1 Plaintiff attaches a grievance in which he claims that Bomia, a Department of Defense employee, is his daughter’s grandfather and was Plaintiff’s emergency contact. (Doc. 1–1, at 7.) Plaintiff states in the grievance that his emergency contact was contacted and told that Plaintiff needed a blood transplant. Id. “To state a claim under § 1983, a plaintiff must allege the violation of a right secured by the Constitution and laws of the United States, and must show that the alleged deprivation was committed by a person acting under color of state law.” West v. Atkins, 487 U.S. 42, 48 (1988)(citations omitted); Northington v. Jackson, 973 F.2d 1518, 1523 (10th Cir. 1992). A court liberally construes a pro se complaint and applies “less stringent standards than formal pleadings

drafted by lawyers.” Erickson v. Pardus, 551 U.S. 89, 94 (2007). In addition, the court accepts all well-pleaded allegations in the complaint as true. Anderson v. Blake, 469 F.3d 910, 913 (10th Cir. 2006). On the other hand, “when the allegations in a complaint, however true, could not raise a claim of entitlement to relief,” dismissal is appropriate. Bell Atlantic Corp. v. Twombly, 550 U.S. 544, 558 (2007). A pro se litigant’s “conclusory allegations without supporting factual averments are insufficient to state a claim upon which relief can be based.” Hall v.
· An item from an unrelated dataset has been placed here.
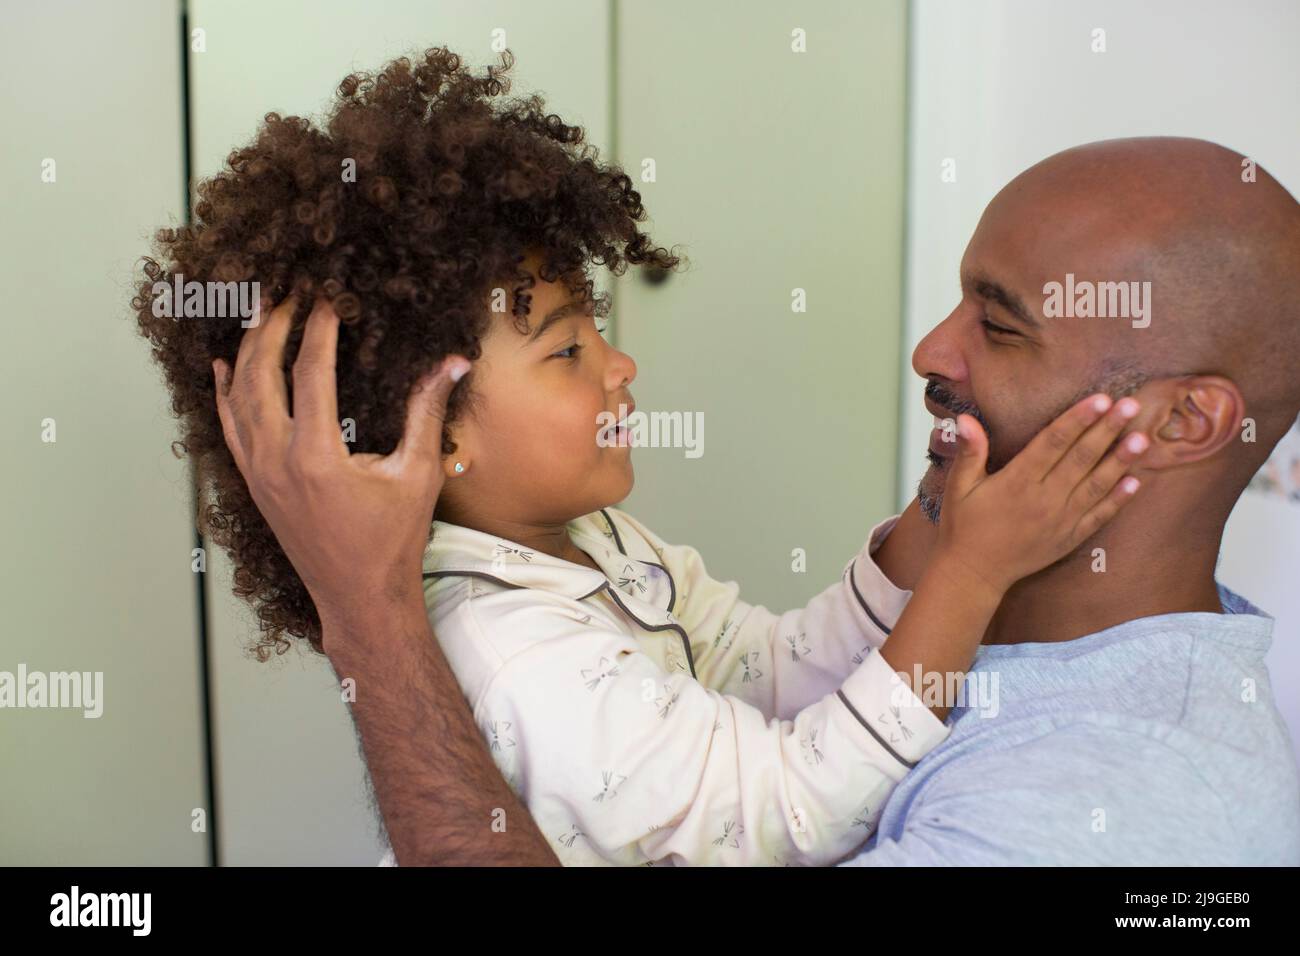 Daughter touching his father's face and looking at each other Stock Photo
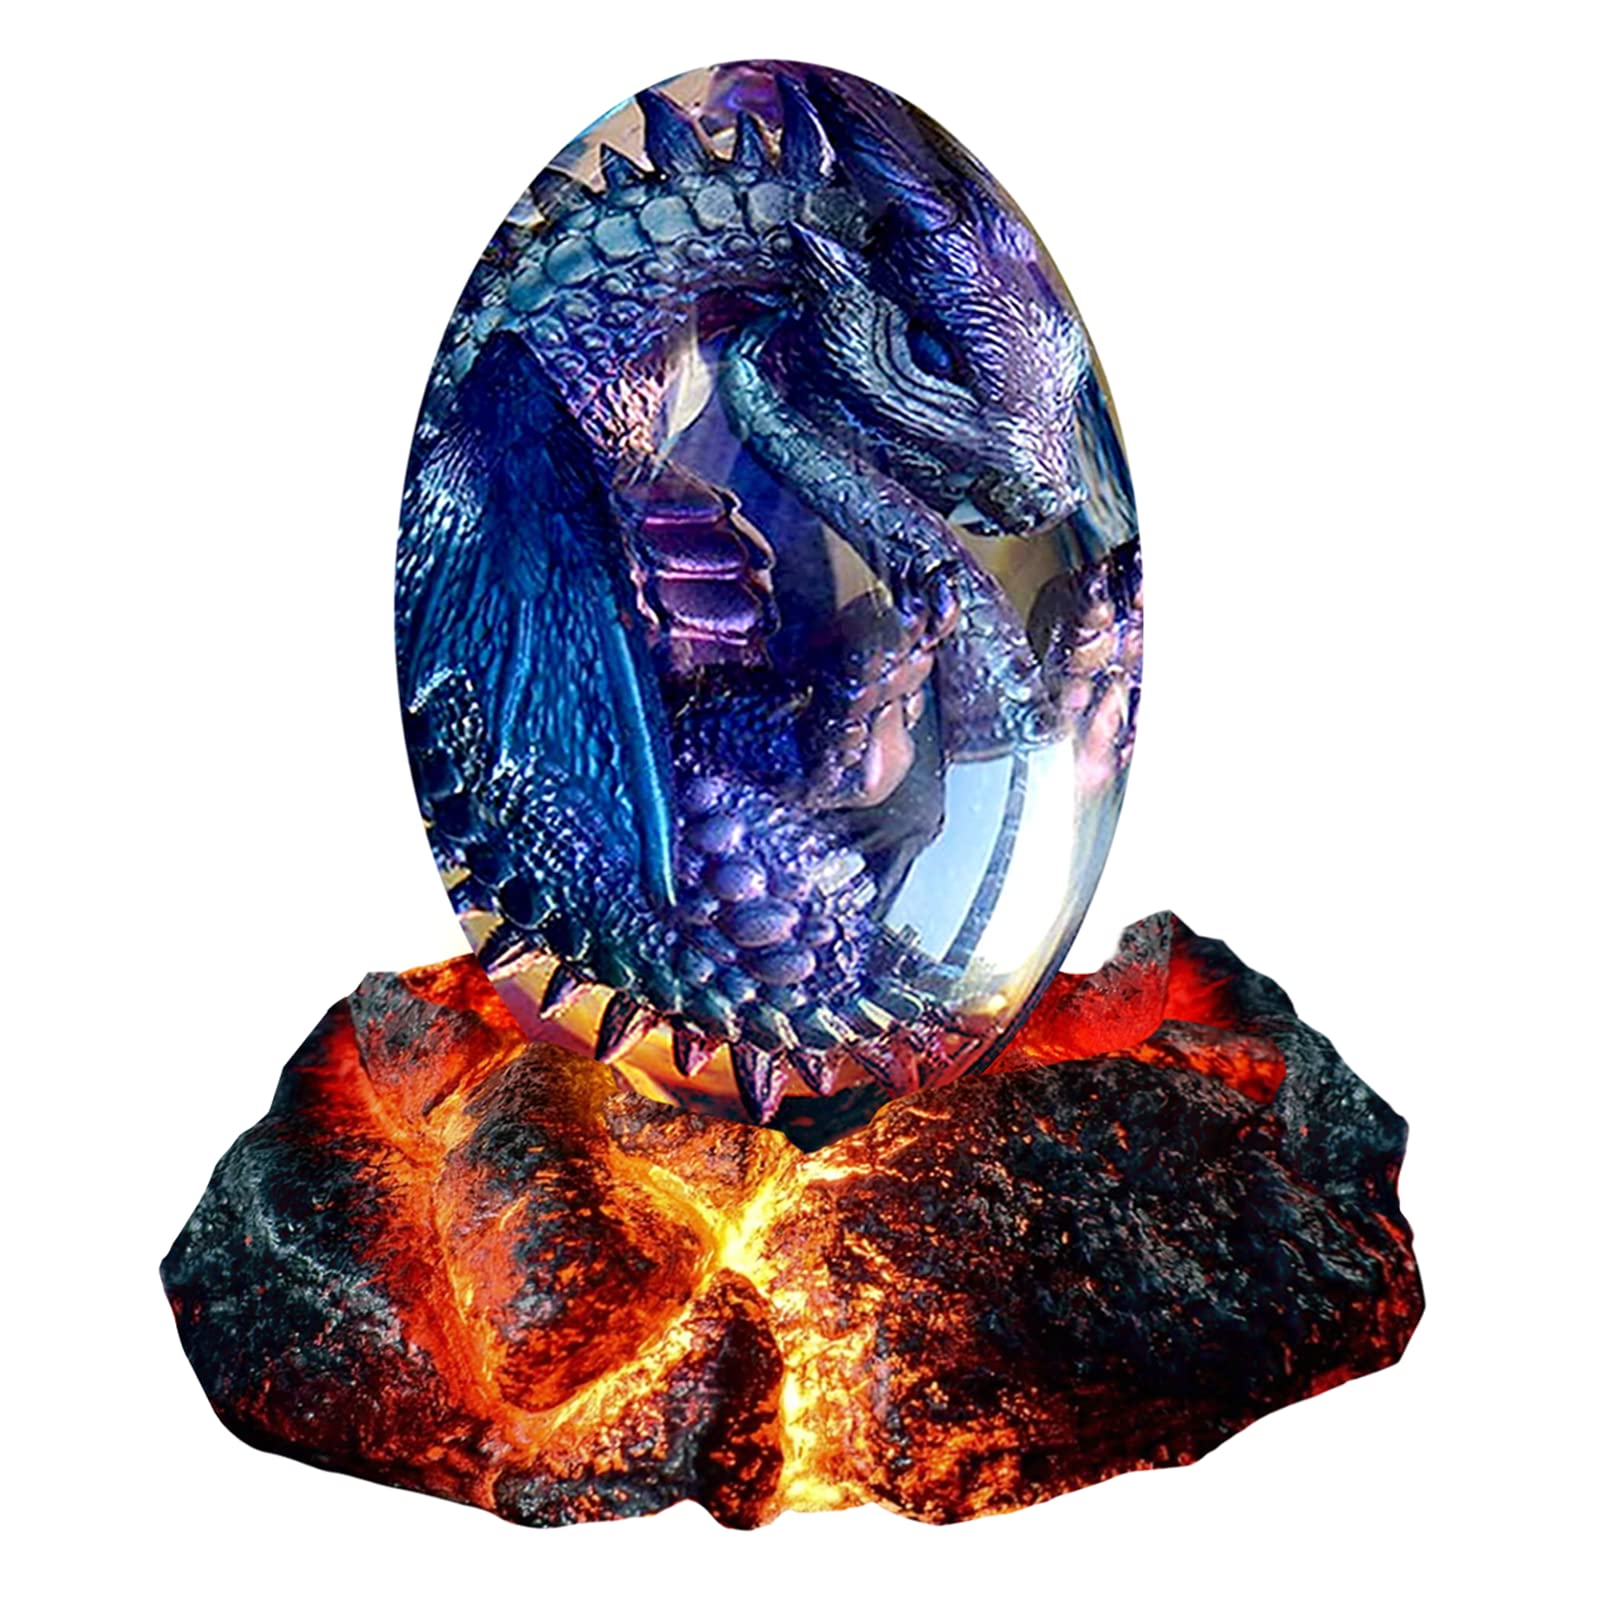 ACOCOFE Dragons Egg, Lava Dragon Egg with Luminous Base, Handmade Sculpture Dragon Eggs Resin Ornaments, Gift for The Holidays, Christmas, Birthdays, Graduation, Back to School (Purple with Base)

Bellmon, 935 F.2d 1106, 1110 (10th Cir. 1991). “[A] plaintiff’s obligation to provide the ‘grounds’ of his ‘entitle[ment] to relief’ requires more than labels and conclusions, and a formulaic recitation of the elements of a

cause of action.” Twombly, 550 U.S. at 555 (citations omitted). The complaint’s “factual allegations must be enough to raise a right to relief above the speculative level” and “to state a claim to relief that is plausible on its face.” Id. at 555, 570. The Tenth Circuit Court of Appeals has explained “that, to state a claim in federal court, a complaint must explain what each defendant did to [the pro se plaintiff]; when the defendant did it; how the defendant’s action harmed [the plaintiff]; and, what specific legal right the plaintiff believes the defendant violated.” Nasious v. Two Unknown B.I.C.E. Agents, 492 F.3d 1158, 1163 (10th Cir. 2007). The court “will not supply additional factual allegations to round out a plaintiff’s complaint or construct a legal theory on a plaintiff’s behalf.” Whitney v. New Mexico, 113 F.3d 1170, 1173-74 (10th Cir. 1997) (citation omitted). The Tenth Circuit has pointed out that the Supreme Court’s decisions in Twombly and Erickson gave rise to a new standard of review for § 1915(e)(2)(B)(ii) dismissals. See Kay v. Bemis, 500 F.3d 1214, 1218 (10th Cir. 2007)(citations omitted); see also Smith v. United States, 561 F.3d 1090, 1098 (10th Cir. 2009). As a result, courts “look to the specific allegations in the

complaint to determine whether they plausibly support a legal claim for relief.” Kay, 500 F.3d at 1218 (citation omitted). Under this new standard, “a plaintiff must ‘nudge his claims across the line from conceivable to plausible.’” Smith, 561 F.3d at 1098 (citation omitted). “Plausible” in this context does not mean “likely to be true,” but rather refers “to the scope of the allegations in a complaint: if they are so general that they encompass a wide swath of conduct, much of it innocent,” then the plaintiff has not “nudged [his] claims across the line from conceivable to plausible.” Robbins v. Oklahoma, 519 F.3d 1242, 1247 (10th Cir. 2008) (citing Twombly, 127 S. Ct. at 1974). III. DISCUSSION

1. Heck Bar and Habeas Nature of Claim To the extent Plaintiff challenges the validity of his sentence in his state criminal case, his federal claim must be presented in habeas corpus. “[A] § 1983 action is a proper remedy for a state prisoner who is making a constitutional challenge to the conditions of his prison life, but not to the fact or length of his custody.” Preiser v. Rodriguez, 411 U.S. 475, 499 (1973) (emphasis added). When the legality of a confinement is challenged so that the remedy would be release or a speedier release, the case must be filed as a habeas corpus proceeding rather than under 42 U.S.C.